Vladivostok débute l’année sous la glace : routes glissantes, bouchons monstres et tarifs de taxi exorbitants !

Vladivostok débute l'année sous la glace : routes glissantes, bouchons monstres et tarifs de taxi exorbitants !

Les conséquences de la tempête de neige de samedi ont laissé la ville de Vladivostok dans un état chaotique pour le premier jour de travail de l’année 2026. Lundi matin, les habitants se retrouvent coincés dans des embouteillages monstres. Les routes sont glissantes et le prix des taxis a augmenté de 50 à 100 % à cause de la situation. De plus, de nombreuses personnes attendent désespérément les bus aux arrêts, tandis que les écoles et crèches ont annoncé une journée de libre accès.
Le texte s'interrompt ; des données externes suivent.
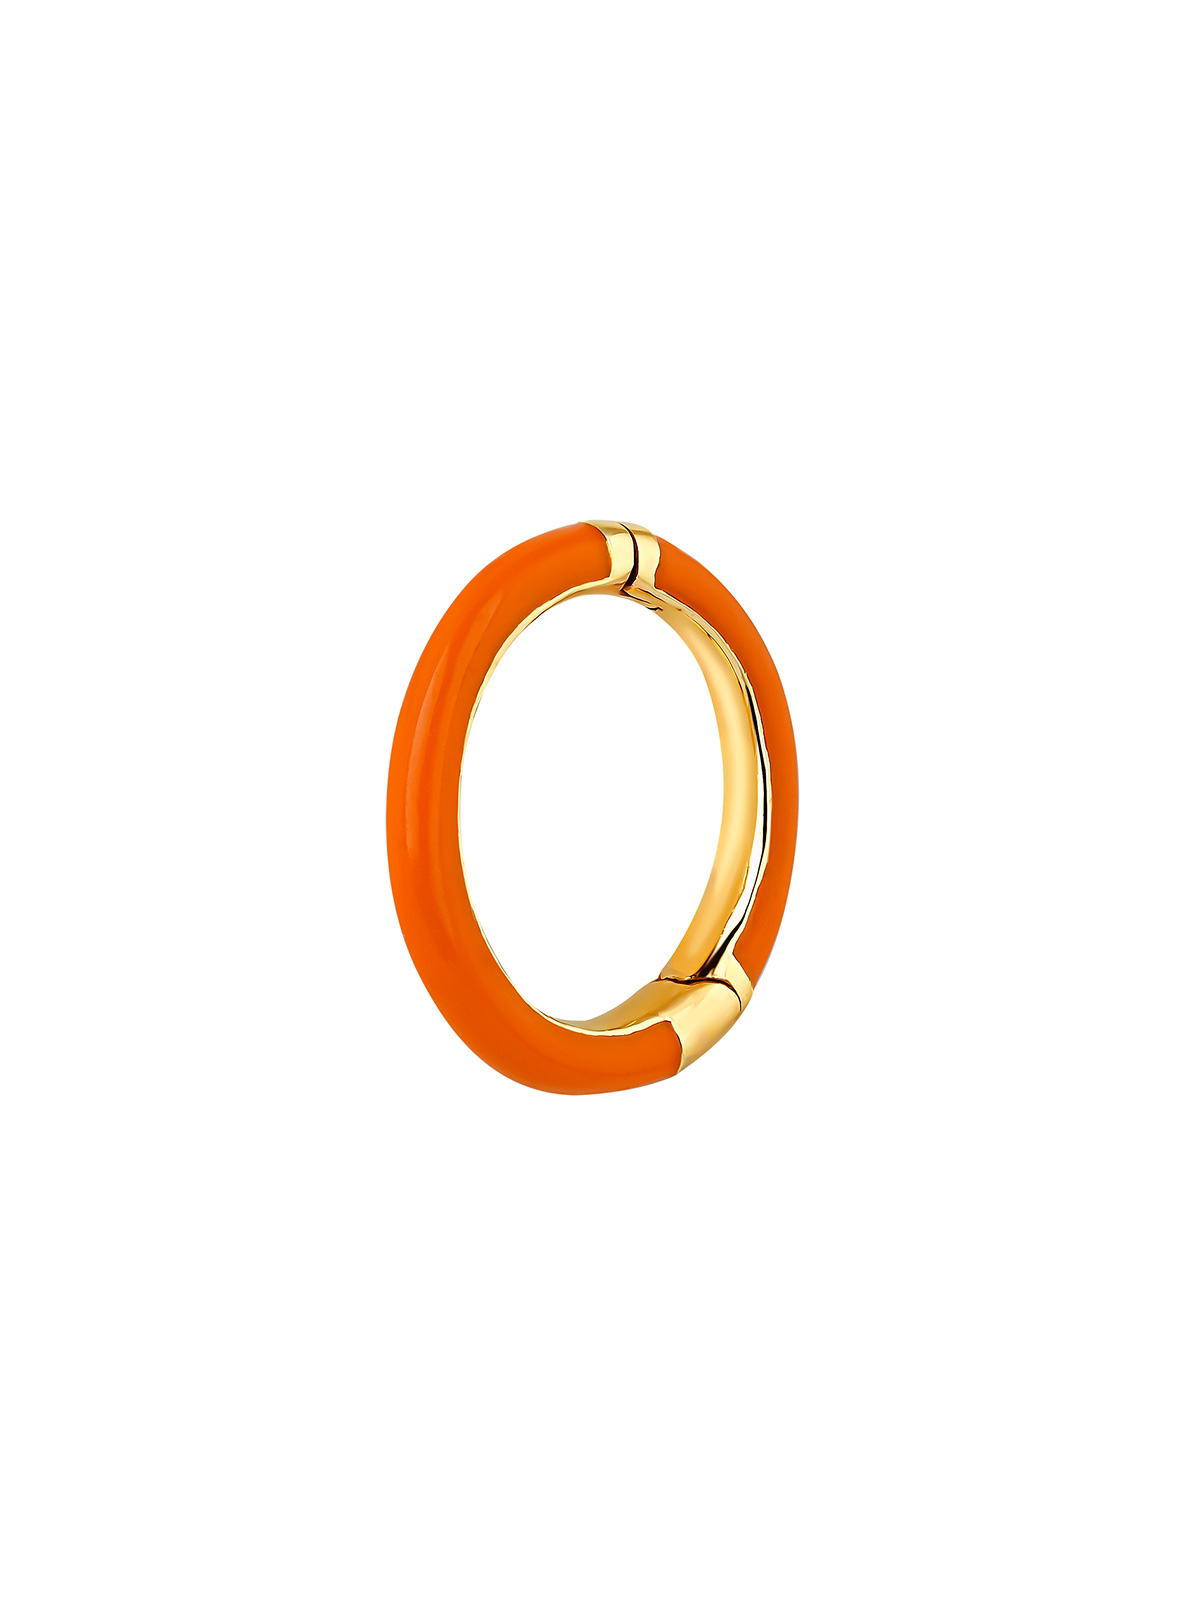 Boucle d'oreille individuelle de cerceau moyen en or jaune 9K avec émail orange.

La première semaine du nouvel an débute ainsi avec un véritable chaos routier. Les services municipaux n’ont pas réussi à dégager la neige tombée en abondance durant la nuit. Dès 8 heures, la carte des embouteillages affichait un score de 10, avec chaque quartier de la ville à l’arrêt. Les routes ressemblent à une soupe neigeuse, et des bourrelets de neige et de glace se forment sur les bas-côtés.
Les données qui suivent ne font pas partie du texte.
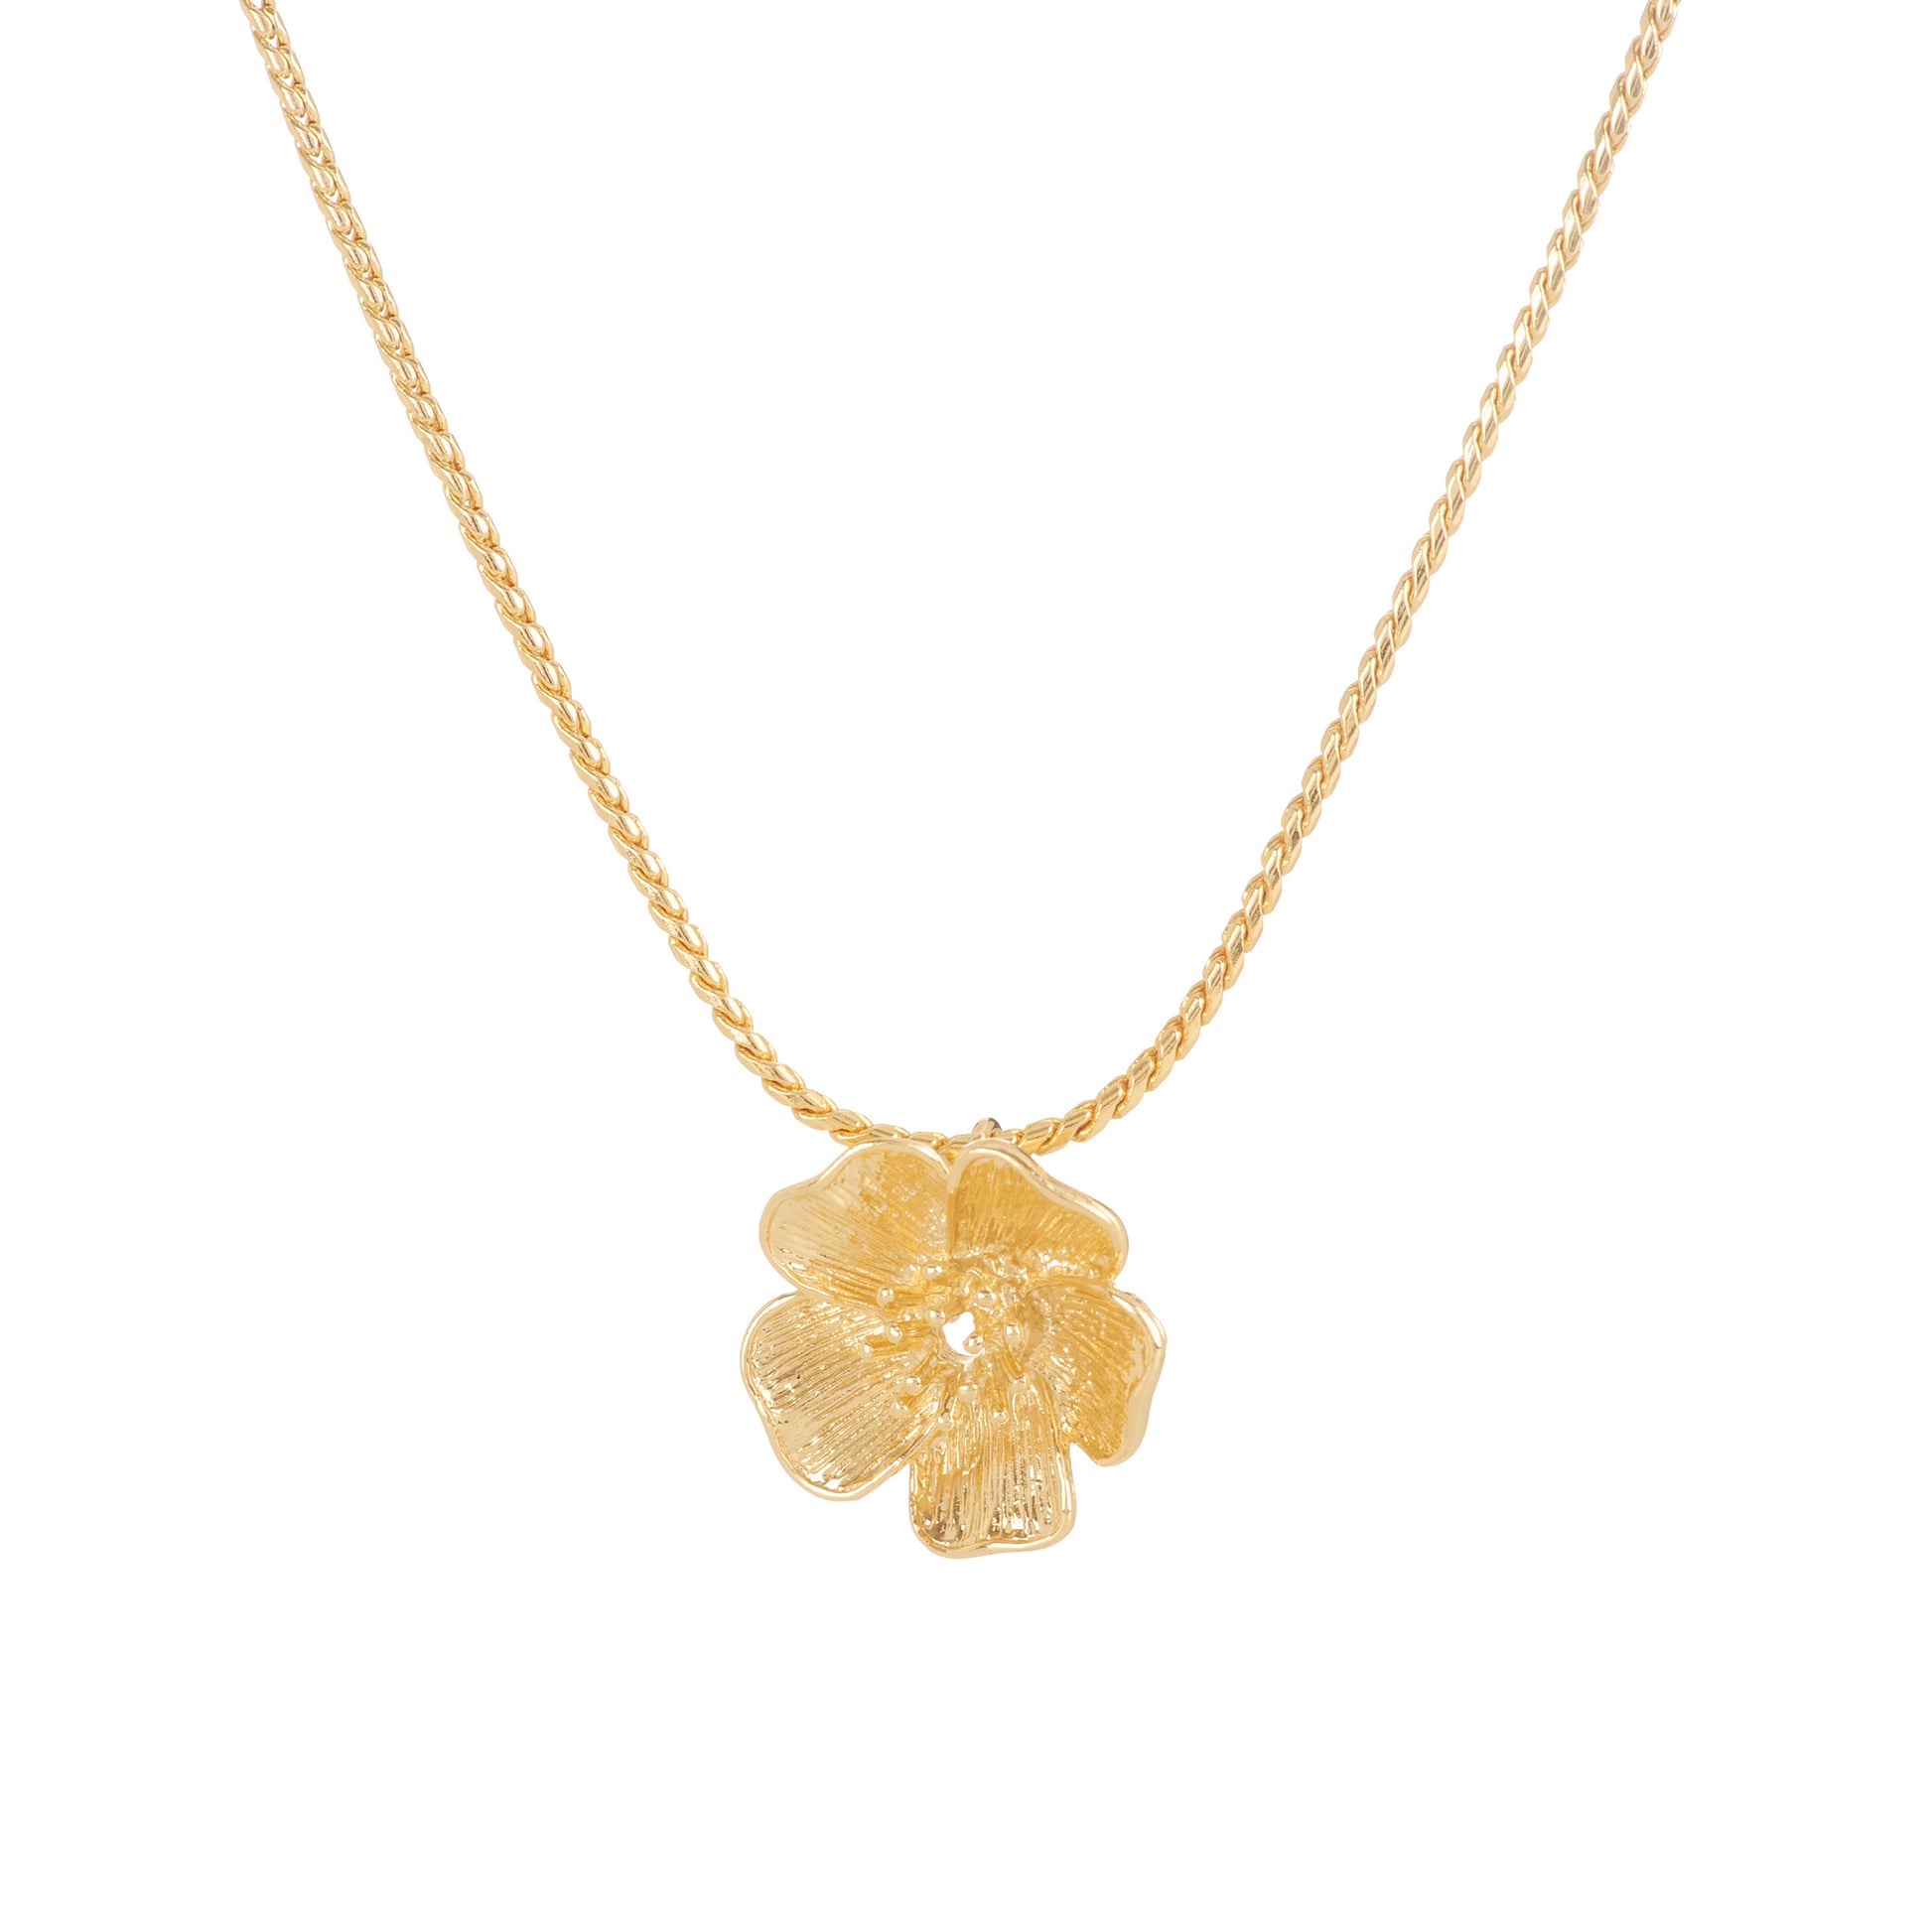 Le collier Hibiscus est composé d'une chaine tressée et d'un pendentif en fleur d'hibiscus.

Les tarifs des taxis ont rapidement grimpé. Par exemple, un trajet de la Deuxième Riviere au centre peut coûter jusqu’à 1600 roubles, tandis qu’un voyage vers l’aéroport dépasse les 3000 roubles. Malheureusement, il faudra aussi être patient pour attendre un véhicule. Quant aux bus, ils stagnent également dans les embouteillages, laissant de nombreux passagers debout aux arrêts.
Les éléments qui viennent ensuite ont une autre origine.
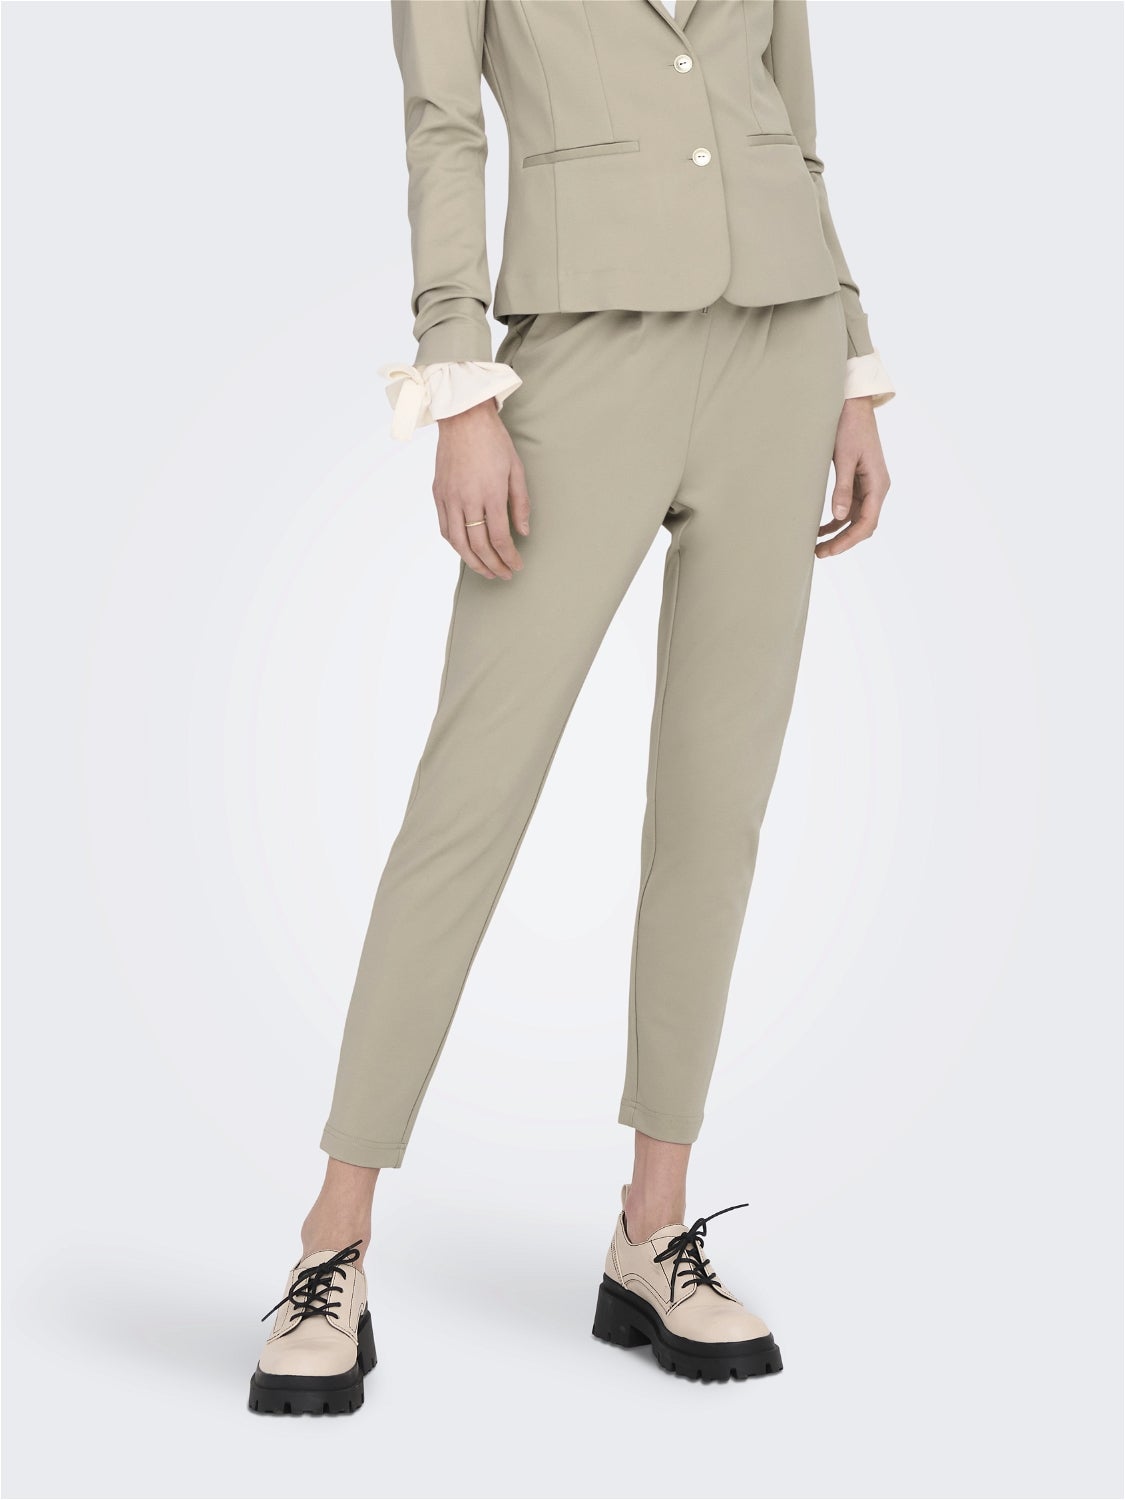 discount 90% WOMEN FASHION Trousers Print Camaïeu Chino trouser Navy Blue S

L’avenue Chefnere demeure fermée, bien qu’elle ait été déneigée, et sur la rue Volodarsky, certaines voitures peinent à grimper. L’avenue Talalikhin, tout comme Nikiphorov, Pouchkinskaïa et d’autres rues, sont glissantes, rendant la circulation difficile. Sur la route menant au funiculaire depuis Pouchkinskaïa, plusieurs automobilistes font demi-tour, préférant renoncer à la montée. Actuellement, seuls quelques itinéraires sont dégagés, mais la situation générale des routes reste préoccupante.

Le nettoyage des routes est compliqué par les voitures garées, ensevelies sous la neige, rendant les voies très étroites. Face à cette situation, le gouvernement du Primorié a décidé d’augmenter le nombre de voitures dans les trains de banlieue, avec deux wagons supplémentaires sur certaines lignes. Cependant, la fréquence des sorties des trains ne pourra pas être améliorée à cause des conditions actuelles.

Points importants à retenir

  • Les conditions climatiques ont provoqué d’importants embouteillages à Vladivostok, impactant ainsi la circulation.
  • Les tarifs des taxis ont subi une forte augmentation, rendant les déplacements plus coûteux.
  • Les écoles et crèches ont autorisé l’absence des élèves en raison des intempéries.
  • De nombreux quartiers demeurent difficilement accessibles, certains véhicules se retrouvant bloqués sur des pentes glissantes.
  • Pour pallier les retards, des vagons supplémentaires ont été ajoutés sur les trains, bien que la fréquence de service reste inchangée.

En tant que voyageuse, cette situation me pousse à réfléchir sur les défis logistiques que peuvent rencontrer les villes face aux aléas climatiques. Comment ces événements impactent-ils la vie quotidienne et la mobilité des habitants ? La résilience des infrastructures urbaines est mise à l’épreuve, et il est impératif d’envisager des solutions durables pour mieux affronter de telles tempêtes futures. Ces réflexions m’incitent à explorer comment chaque ville peut apprendre de l’expérience des autres, tout en intégrant des innovations pour, peut-être, améliorer la réponse face à des conditions extrêmes.